● Given data:
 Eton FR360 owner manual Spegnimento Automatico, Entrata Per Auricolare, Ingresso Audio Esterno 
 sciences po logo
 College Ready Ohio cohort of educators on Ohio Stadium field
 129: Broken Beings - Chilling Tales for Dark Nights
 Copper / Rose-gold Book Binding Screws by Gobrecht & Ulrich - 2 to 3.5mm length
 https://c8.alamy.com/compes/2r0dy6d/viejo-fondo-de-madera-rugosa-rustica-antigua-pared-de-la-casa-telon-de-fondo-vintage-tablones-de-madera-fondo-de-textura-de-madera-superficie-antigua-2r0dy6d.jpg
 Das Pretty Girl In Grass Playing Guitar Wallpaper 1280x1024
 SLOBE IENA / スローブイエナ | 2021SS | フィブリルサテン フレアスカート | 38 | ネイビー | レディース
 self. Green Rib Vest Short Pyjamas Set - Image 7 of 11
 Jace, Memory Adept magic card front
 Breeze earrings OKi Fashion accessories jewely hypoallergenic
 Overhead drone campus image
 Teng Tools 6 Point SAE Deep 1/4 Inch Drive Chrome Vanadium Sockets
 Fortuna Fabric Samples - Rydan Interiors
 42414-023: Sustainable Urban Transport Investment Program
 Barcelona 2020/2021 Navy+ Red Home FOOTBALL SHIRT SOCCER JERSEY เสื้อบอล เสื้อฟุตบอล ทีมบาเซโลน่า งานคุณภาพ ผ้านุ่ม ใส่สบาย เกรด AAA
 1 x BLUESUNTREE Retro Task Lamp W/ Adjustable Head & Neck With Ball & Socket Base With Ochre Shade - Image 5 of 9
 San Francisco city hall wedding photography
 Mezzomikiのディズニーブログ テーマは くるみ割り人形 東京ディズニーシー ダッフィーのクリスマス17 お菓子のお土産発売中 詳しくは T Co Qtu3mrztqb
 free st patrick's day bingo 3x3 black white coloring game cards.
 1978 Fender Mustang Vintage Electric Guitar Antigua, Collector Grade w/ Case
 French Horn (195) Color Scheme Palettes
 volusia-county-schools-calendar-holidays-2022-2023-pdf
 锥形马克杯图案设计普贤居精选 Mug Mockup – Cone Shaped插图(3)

● The problem: Would you please copy exactly the part of the entries above that begins at the line containing "Breeze earrings OKi" and ends at the line containing "Barcelona 2020/2021 Navy+", both lines included?

● Answer to this task:
 Breeze earrings OKi Fashion accessories jewely hypoallergenic
 Overhead drone campus image
 Teng Tools 6 Point SAE Deep 1/4 Inch Drive Chrome Vanadium Sockets
 Fortuna Fabric Samples - Rydan Interiors
 42414-023: Sustainable Urban Transport Investment Program
 Barcelona 2020/2021 Navy+ Red Home FOOTBALL SHIRT SOCCER JERSEY เสื้อบอล เสื้อฟุตบอล ทีมบาเซโลน่า งานคุณภาพ ผ้านุ่ม ใส่สบาย เกรด AAA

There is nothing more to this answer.